── DATA EXTRACT ──

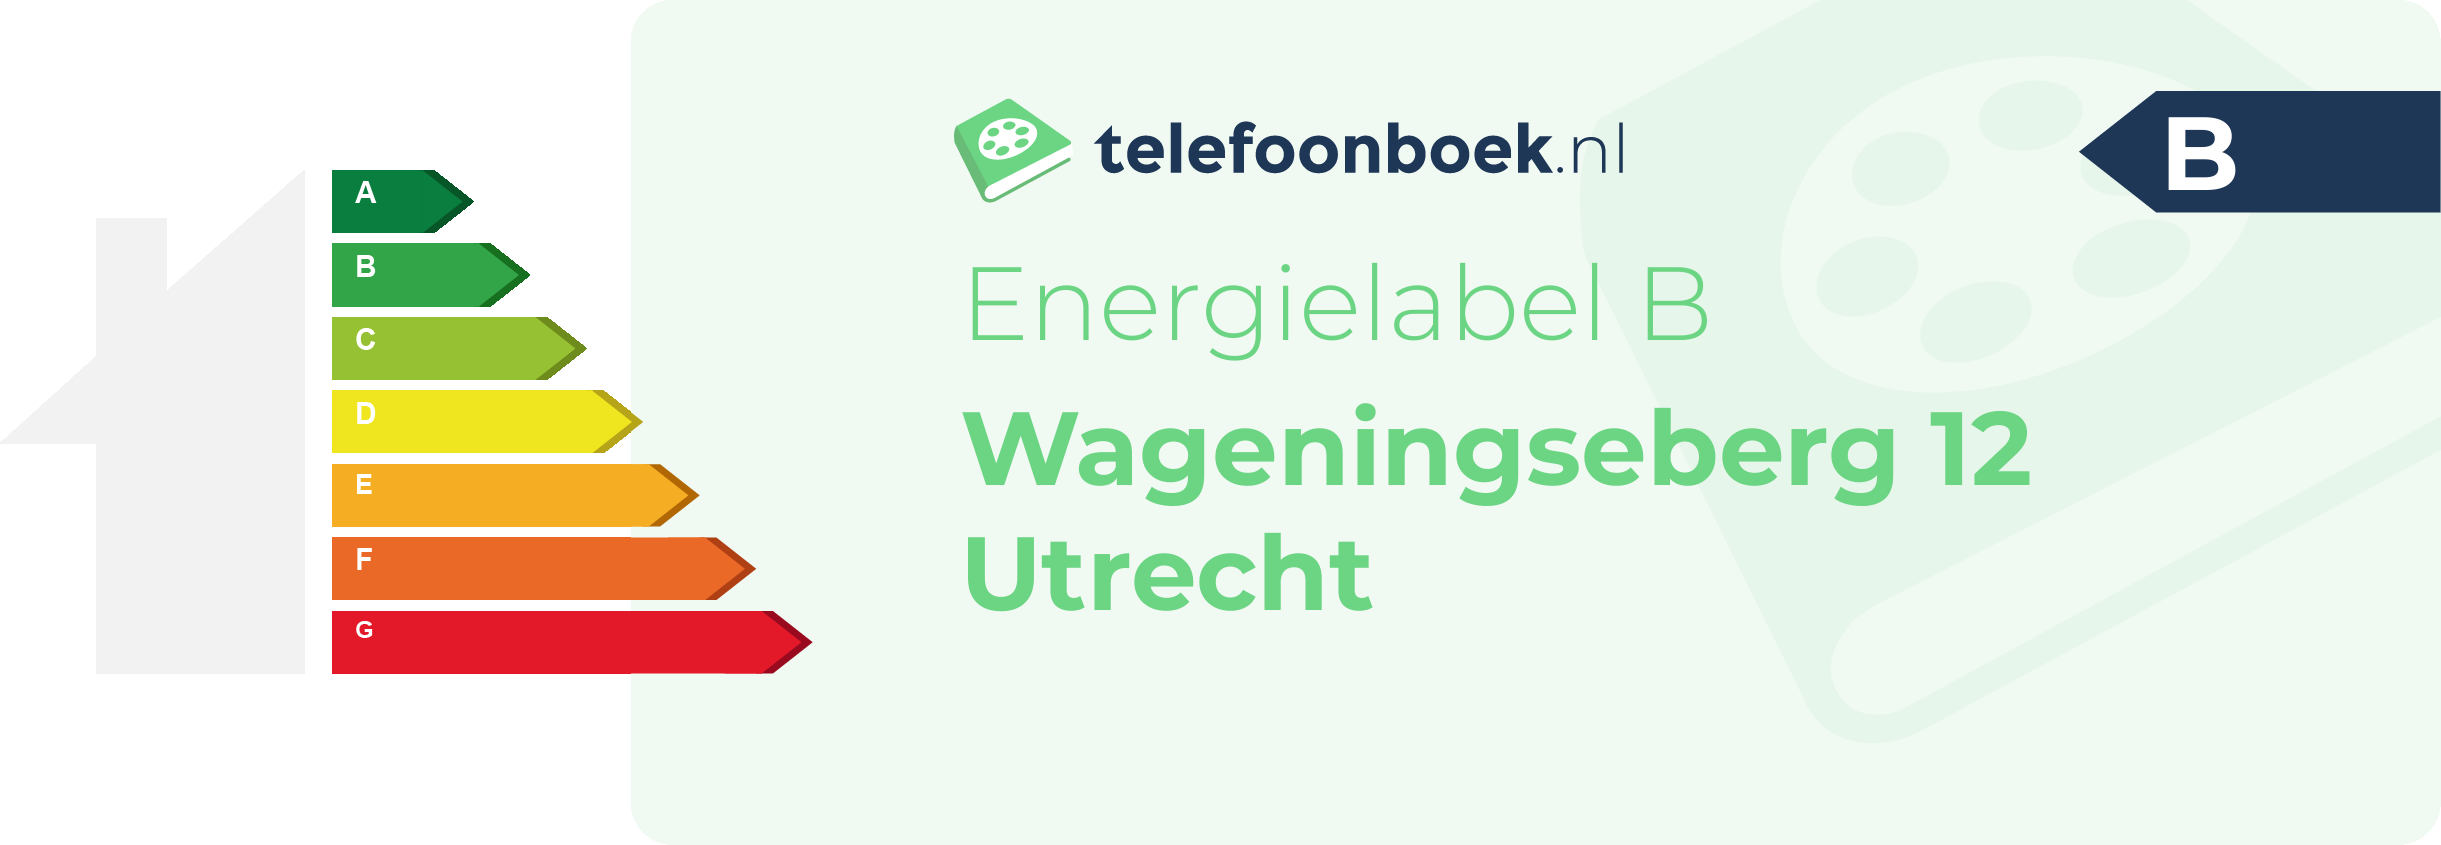 Energielabel Wageningseberg 12 Utrecht
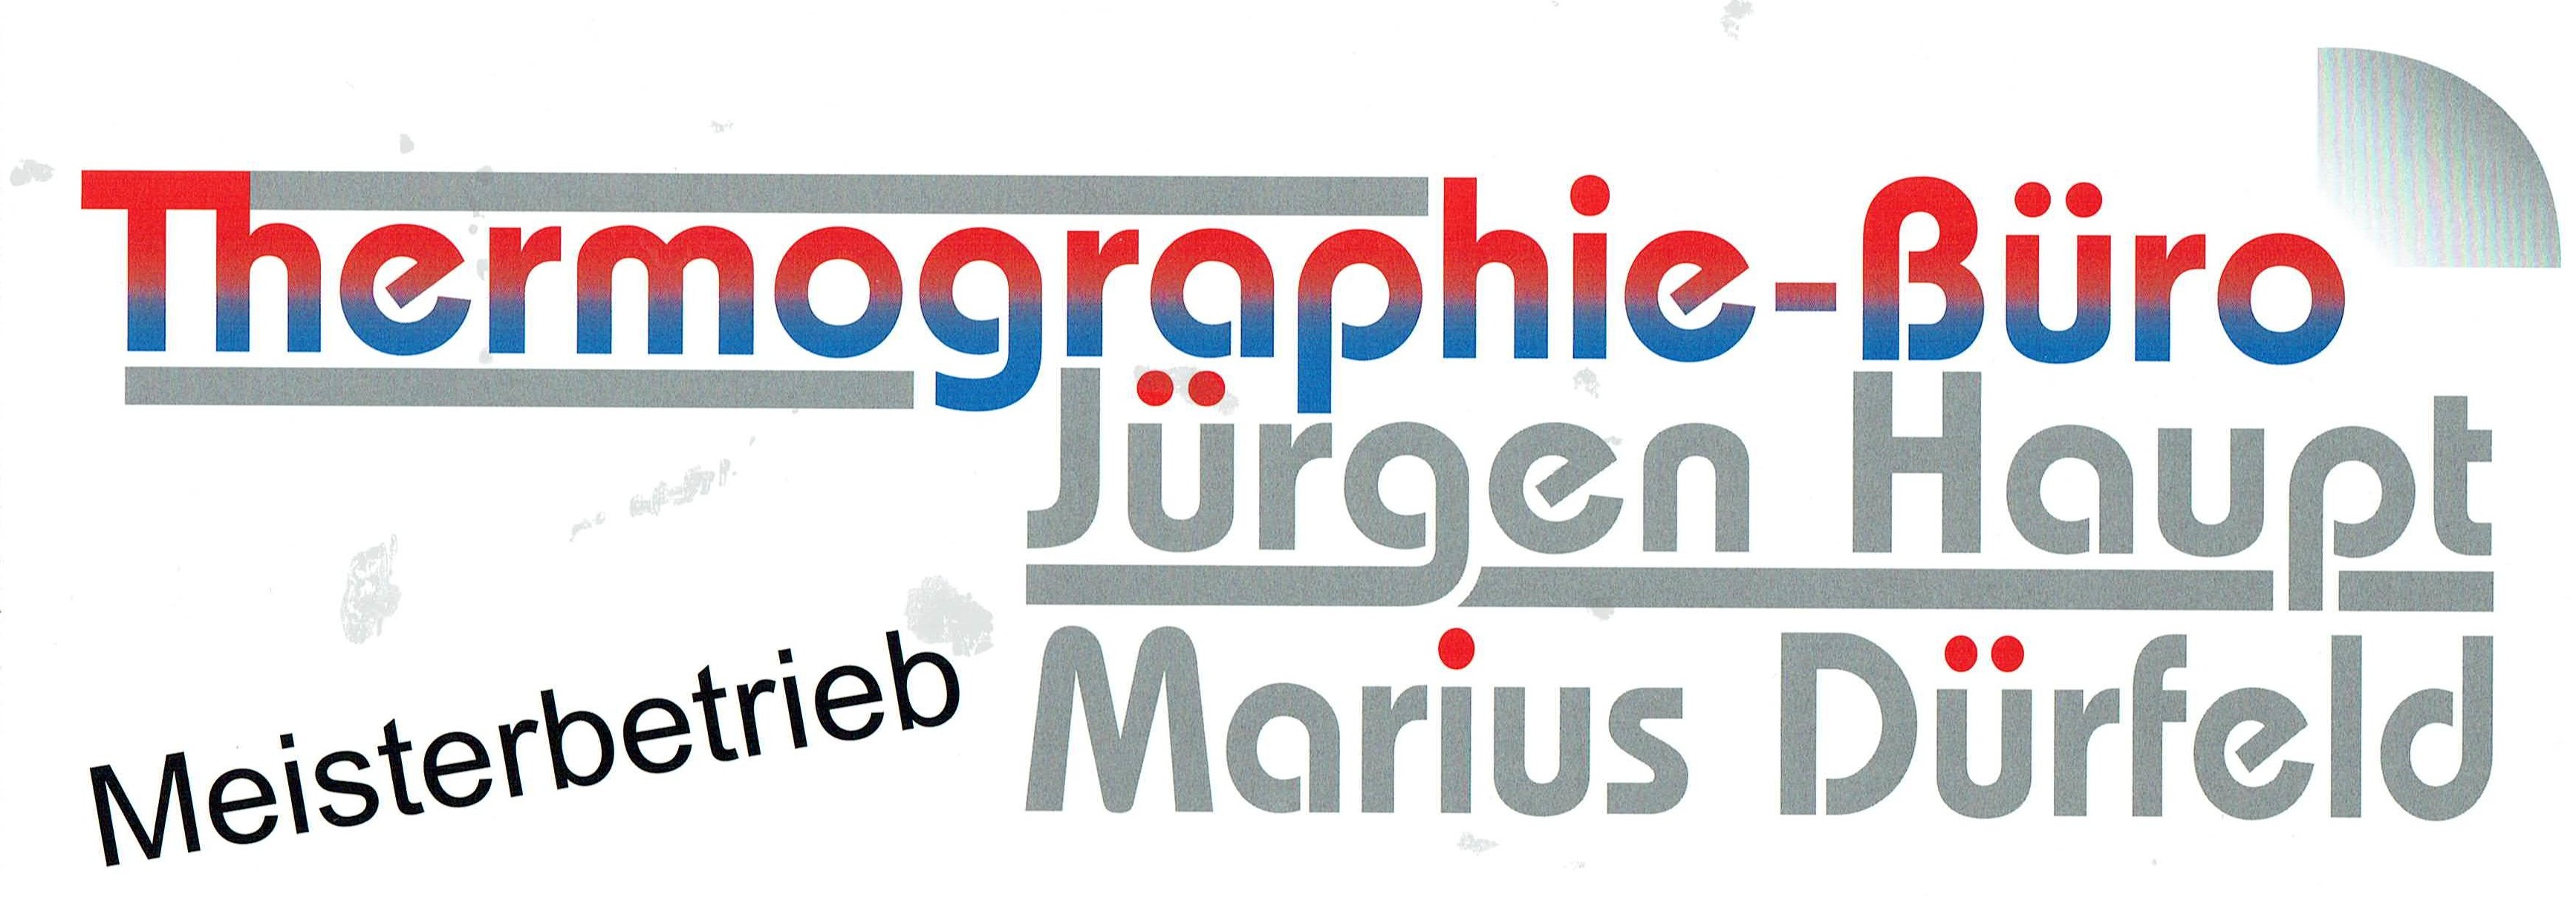 Thermographie Büro Jürgen Haupt
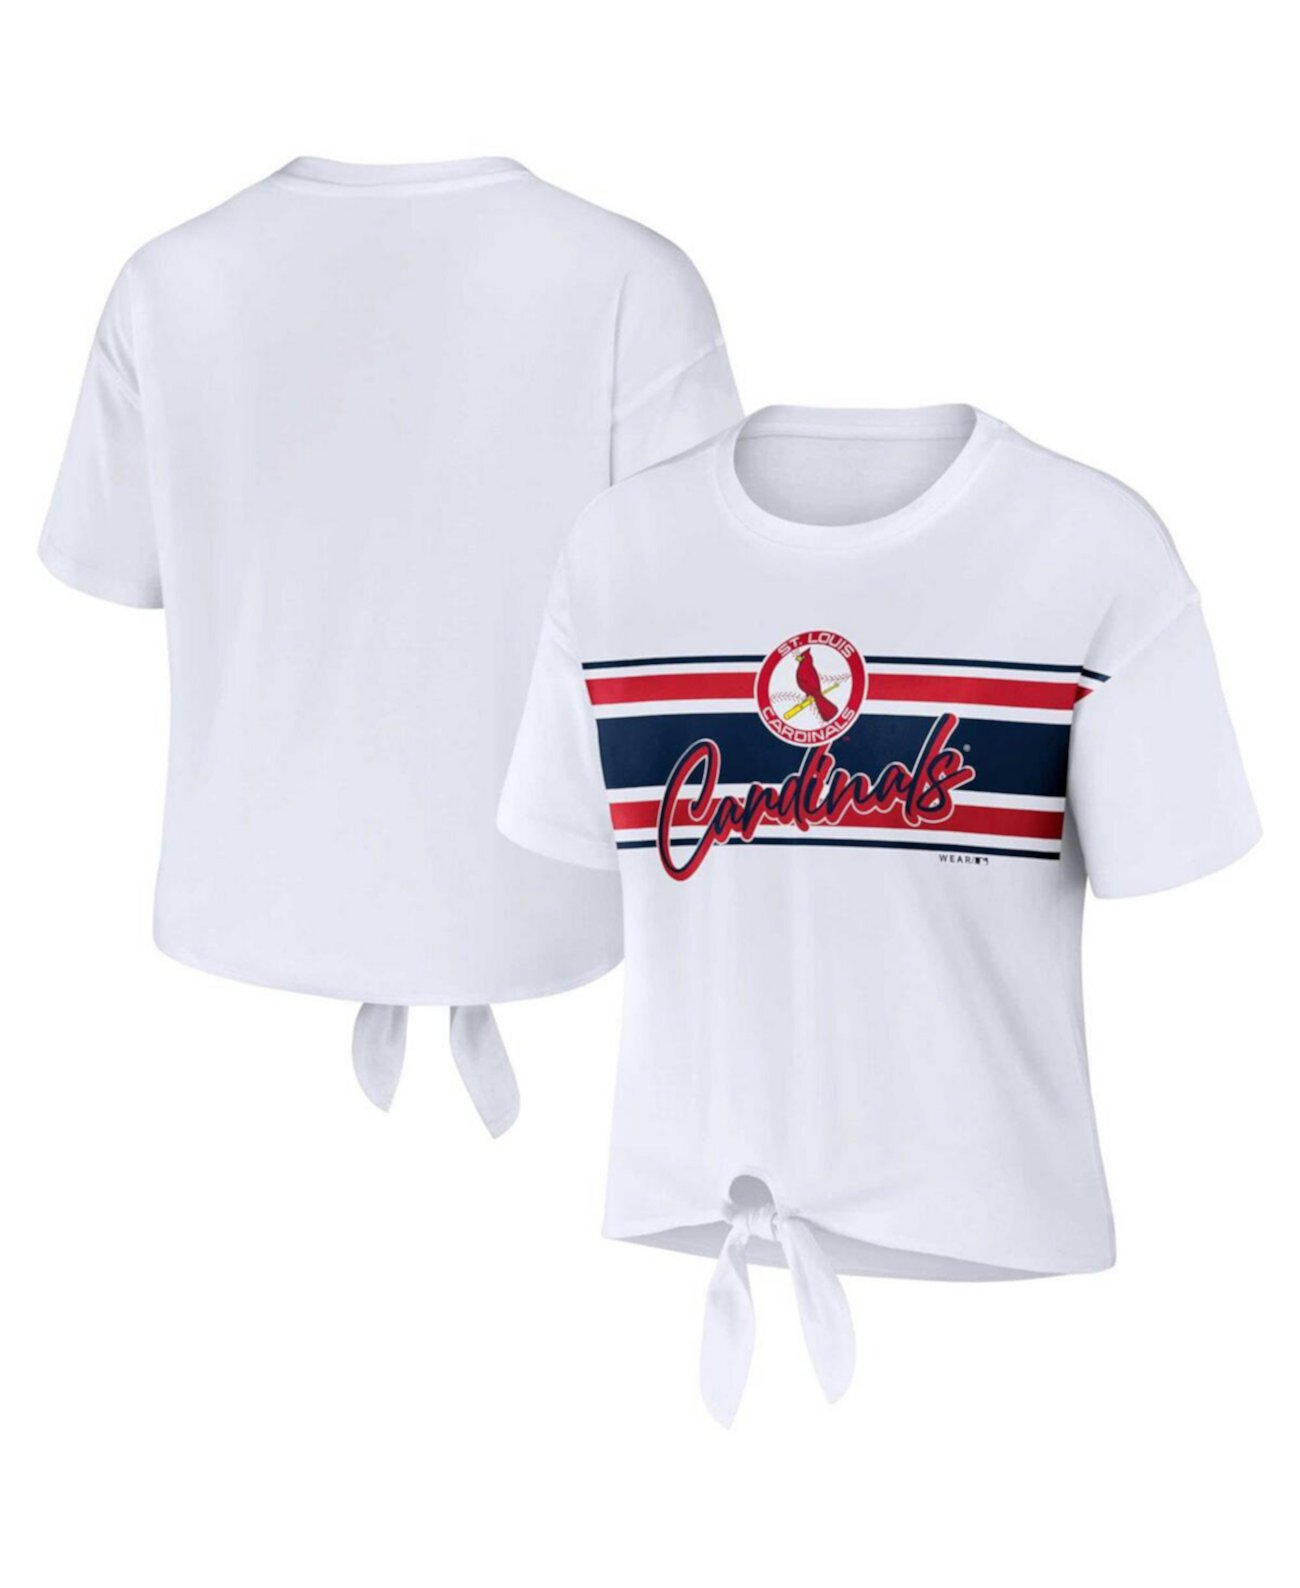 Женская белая футболка St. Louis Cardinals с завязкой спереди WEAR by Erin Andrews

───

> WHAT IS NEEDED:
The answer must consist solely of the lines from the line containing "Thermographie Büro Jürgen Haupt" to the end of the data, reproduced exactly, with every picture left out.

> SOLUTION TO THE PROBLEM:
 Thermographie Büro Jürgen Haupt
 Женская белая футболка St. Louis Cardinals с завязкой спереди WEAR by Erin Andrews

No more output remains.